Comparison with the existing literature

The majority of previous studies have considered the association between prevalent musculoskeletal conditions and the subsequent onset of LMD over some fixed time period [10,11,15,19,25,42]. These studies have considered LMD to be a dichotomous phenomenon (disabled versus not disabled) (e.g., [15,19,42]). Although this definition may be necessary for decision-making purposes, it does not seem clinically plausible [34] and it has limited the full picture of the epidemiology of this common form of disability. Shah et al. [33] have performed what is probably the most detailed analysis of the association between pain and LMD available in the literature. They showed a dose-response association between the number of joint pain sites at baseline and the onset of LMD (reduced gait speed) over a 14-year period. Our study builds on these previous findings of an association between prevalent pain and the onset of LMD in two ways. First, we utilised a continuous measure of LMD, which permitted changes in the level of LMD over time to be detected across a wide spectrum of function in the community. Second, by examining 3 time points over the course of 6 years, this study is the first to assess fluctuations in lower limb pain status and their association with LMD.

Meaning

The association between the onset of lower limb pain and increases in LMD provide further support for the direct role of lower limb pain in the progression of LMD. Although recovery from pain resulted, on average, in a decrease in LMD, this group did not start from or return to the same level of LMD reported in the equivalent group of people who never experienced this pain. We may be observing the cumulative effect of recurrent episodes of pain on the underlying rate of decline in LMD. The failure of those recovering from pain to return to the LMD levels seen in those who never experienced the pain suggests a need for the primary prevention of lower limb pain. Although the prevention of all lower limb pain may be an unachievable target, the results of this study do provide evidence in favour of the treatment of lower limb pain, as well as rehabilitation of function in those presenting with disabling pain. Furthermore, the results are suggestive of a policy of identifying and targeting those with pain in order to prevent a cumulative effect of incomplete LMD recovery over time leading to a substantially larger amount of disability than in the pain-free population. Our study does not provide information enabling us to examine in detail the many different mechanisms by which lower limb pain might increase the rate of deterioration in self-reported locomotor disability. These include conscious and unconscious avoidance and modification of activities in direct response to actual or anticipated pain and related symptoms on mobility, a pathway mediated by deficits in executive function attributed to pain, and reduced capacity relating to muscle weakness secondary to arthrogenic muscle inhibition and atrophy. In addition, conceptual overlap between pain on activities and the subjective rating of limitation and the effect of pain on negative appraisal of function may also contribute to the observed relationship.

Future work

Using long intervals between measurements will underestimate the true incidence of episodes of LMD and lower limb pain.

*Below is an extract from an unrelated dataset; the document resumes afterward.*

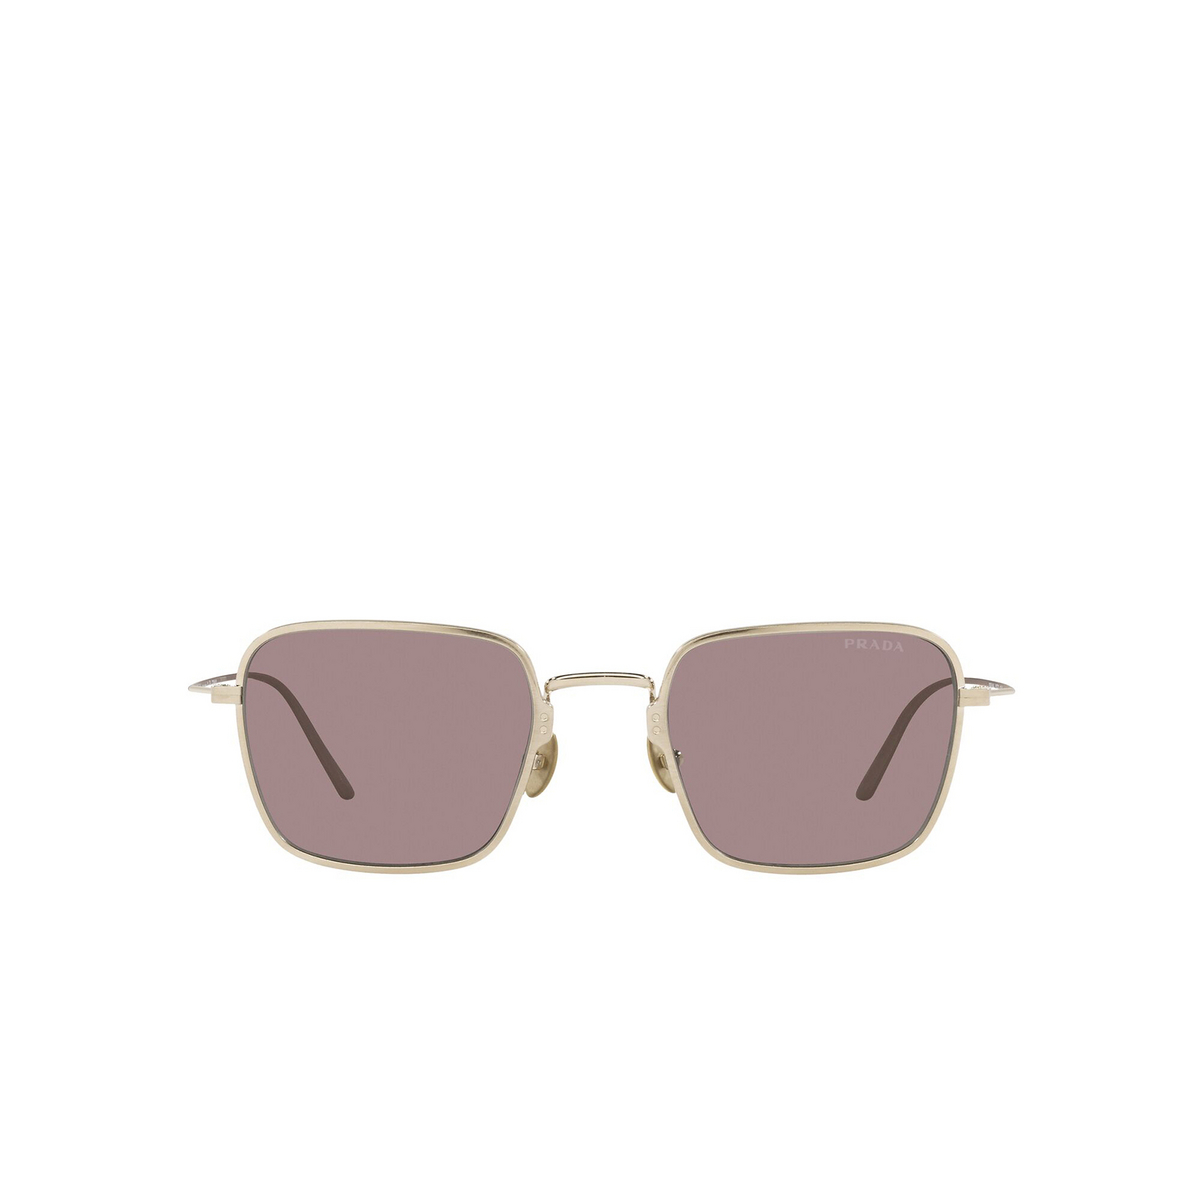 Prada® Square Sunglasses: PR 54WS color Pale Gold 06Q06I - front view.

Given the dynamic nature of both, future studies using shorter intervals (e.g., monthly measurements per Wolf and Gill [44]) would further our understanding of the interrelationship between episode characteristics of lower limb pain and their effect on LMD. It would also seem prudent to further assess the characteristics of those recovering from pain; in particular, those people recovering from pain and experiencing a recovery of function to levels similar to those in people without pain at any point. Also, the association between the characteristics of pain before a recovery and the level of change in LMD concurrent with that recovery deserves attention. However, the small numbers of individuals with this pattern of lower limb pain in the current study did not allow this to be investigated.

Conclusions

Changes in lower limb pain status are associated with changes in the level of LMD experienced by this sample of community-dwelling adults age ⩾50 years. This association is potentially causal: there are expected effects of the onset of and recovery from pain, a dose-response association, and little change in strength of association with adjustment for potentially confounding factors. There is evidence, seen in the partial recovery from lower limb pain relative to those remaining pain-free, that there is a cumulative effect of recurrent episodes of lower limb pain on LMD. Hence, primary or secondary prevention of lower limb pain and its underlying determinants (e.g., osteoarthritis) have the potential to reduce the number of years lived with disability in older populations.

Conflict of interest statement

The authors have no conflicts of interest to declare.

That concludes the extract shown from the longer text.